Ивонна окончательно проснулась. Она ощупью нашла ночничок и зажгла его: без четверти три.
— Однако ты нынче вечером не слушала Москву, — заметил Робер.
— Нужно же было нам с тобой поговорить. Один вечер можно и пропустить.
— Ты с ума сошла… Для чего ты это делаешь?
— А ты не подумал, — может, и у меня здесь есть люди вроде Ватрена, и я хочу знать, что говорить таким людям…
— Ивонна! Значит, ты об этом говоришь с другими? С кем же?
— Ну, например, с Луазо-Труве… Они вовсе не такие уж невежественные люди. И потом с Шульцами говорю. Она ведь испанка, и семья ее была против франкистов.
— Ты просто рехнулась, — ведь ты же не знаешь этих людей. Они нарочно выпытывают твои мысли… Это же спекулянты, чорт знает, с кем они водятся…

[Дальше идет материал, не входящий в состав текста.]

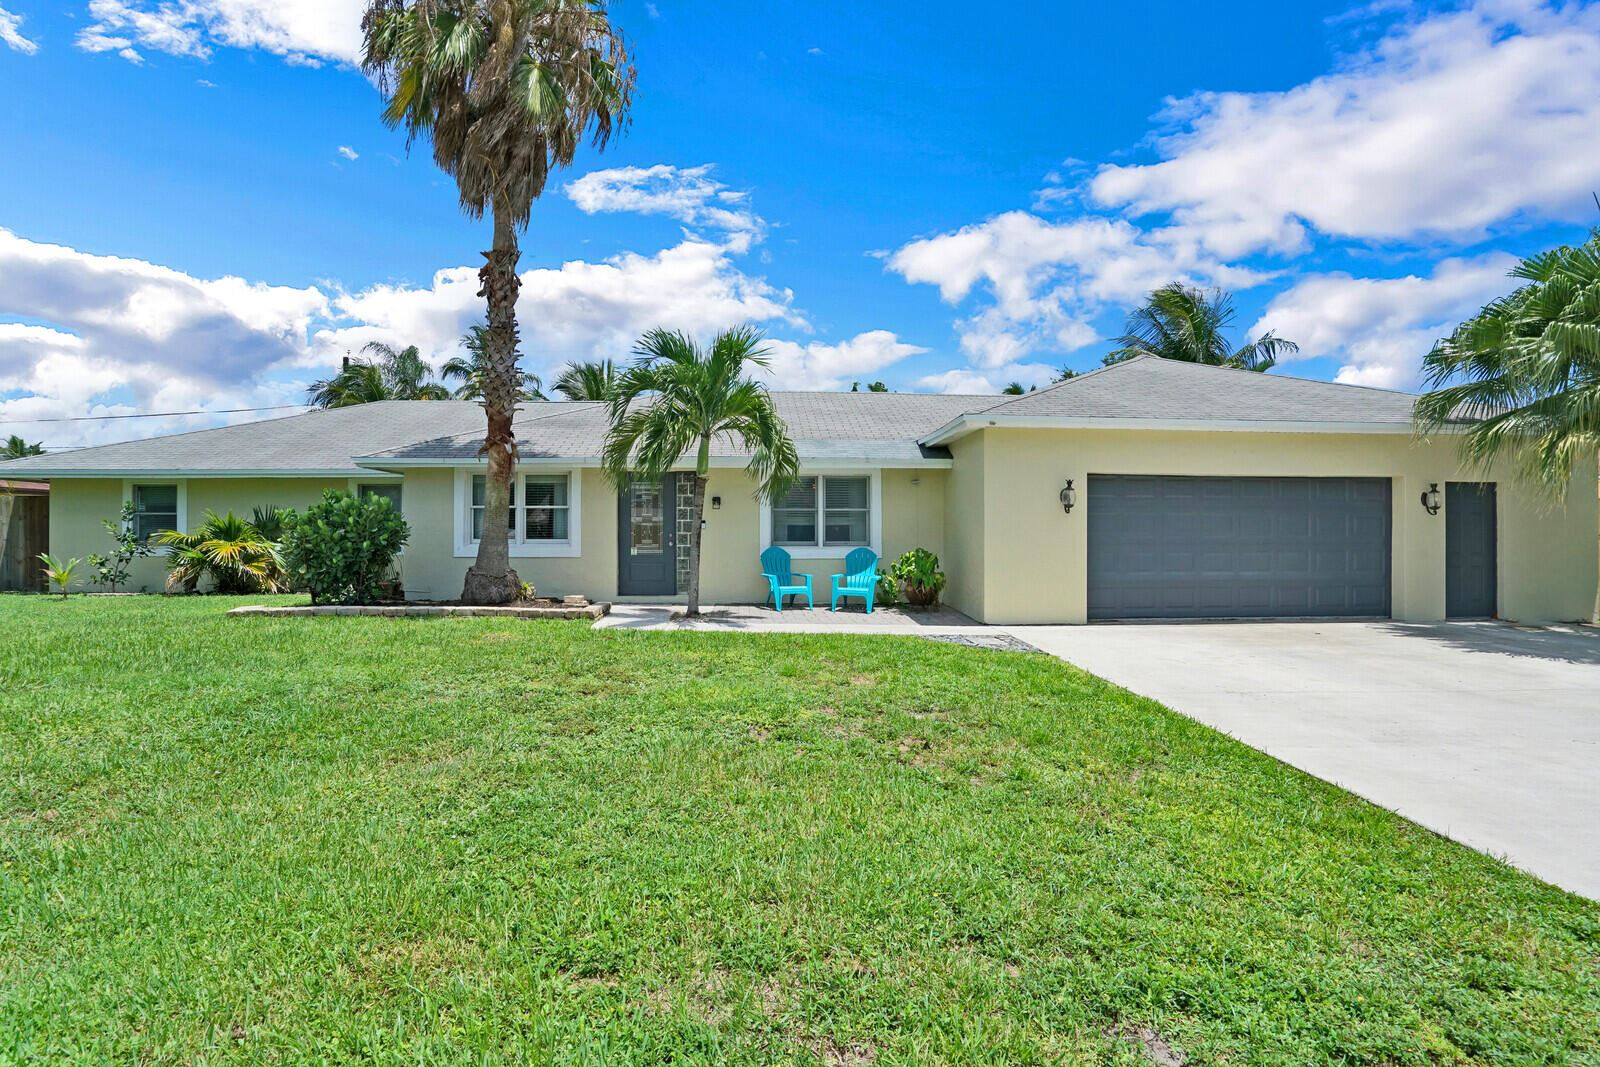 3885 Dorrit Avenue, Boynton Beach, FL 33436 - MLS#: RX-10732164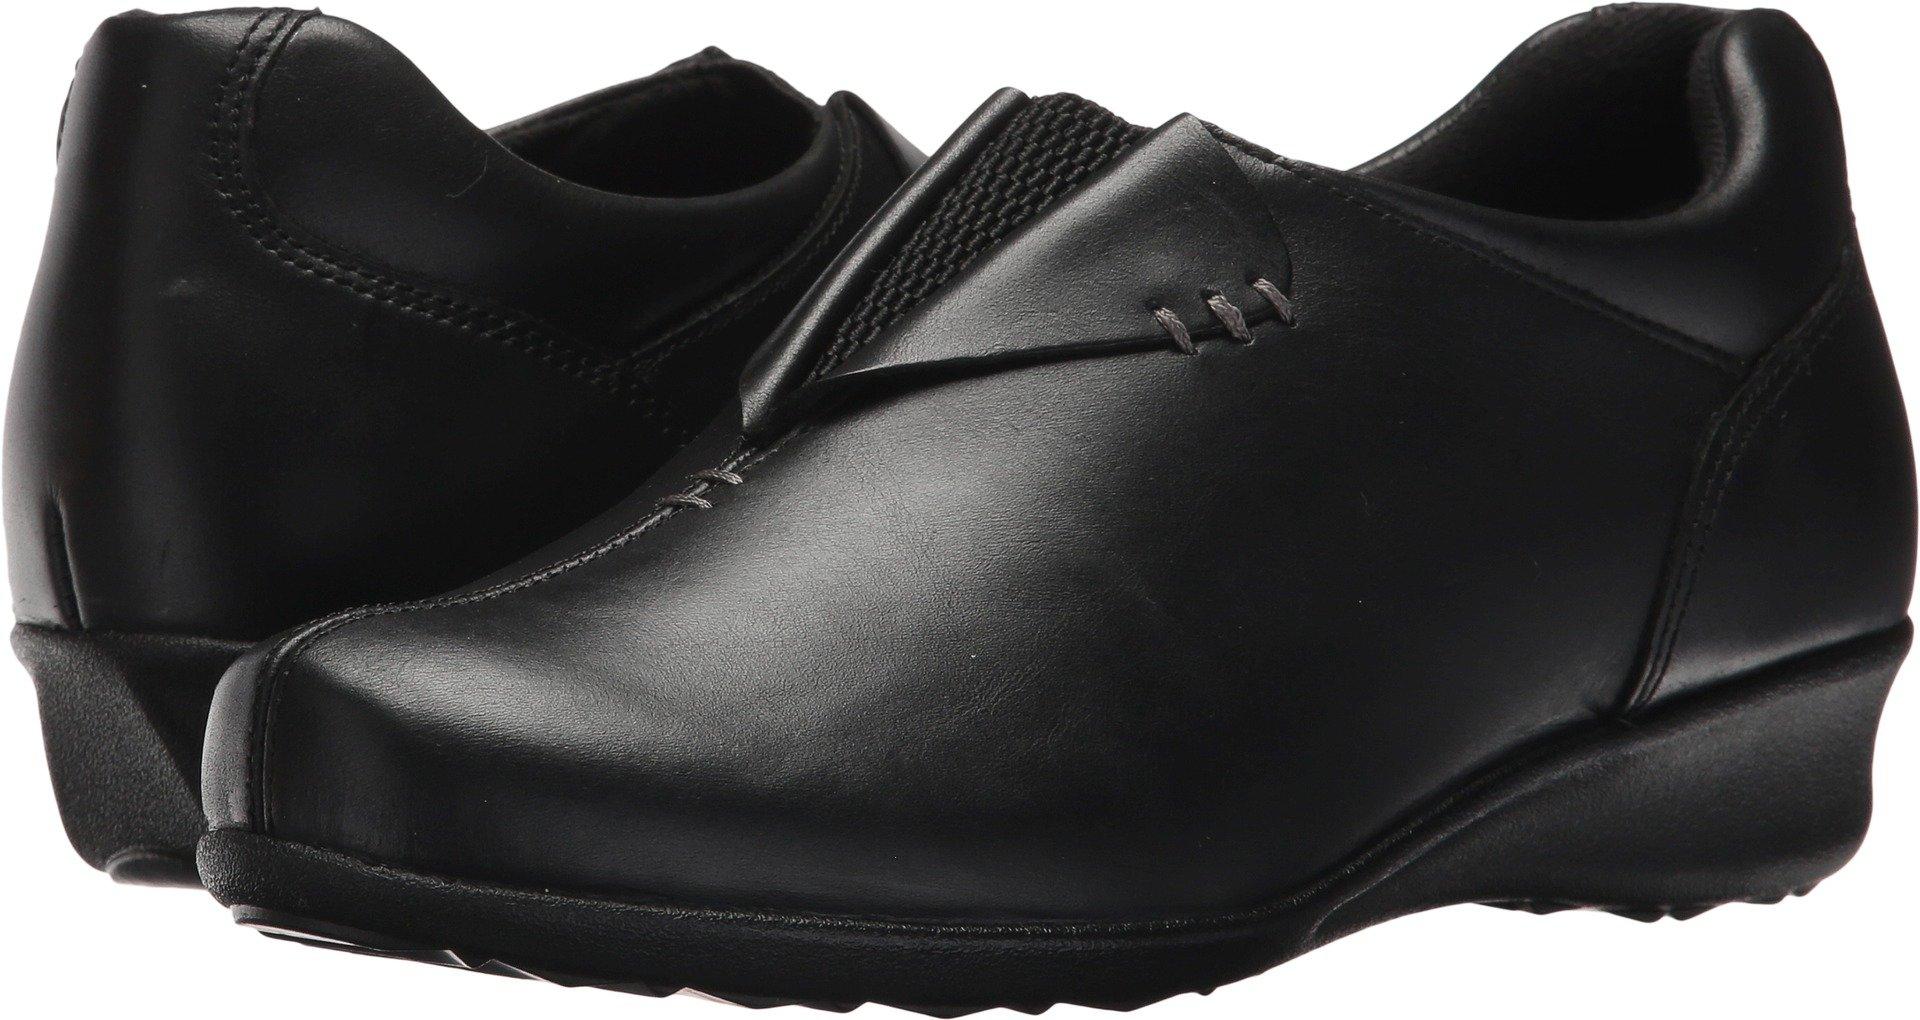 Drew Shoe Naples Women's Therapeutic Diabetic Extra Depth Shoe: Black 8.5 X-Wide (2E) Slip-On

— Послушай, Робер, я их знаю не хуже, чем ты своего Ватрена, и неужели ты считаешь, что мы сами своими руками должны лишать себя последних остатков свободы? Тогда и жить не стоит.
— Боже мой, — простонал Робер. — Ивонна, детка! На себя-то мне плевать, ведь я о тебе беспокоюсь…
Она повернула выключатель и прижалась к Роберу.
— Дурачок, трусишка, — сказала она. — Я очень, очень осторожна. Не расстраивайся ты!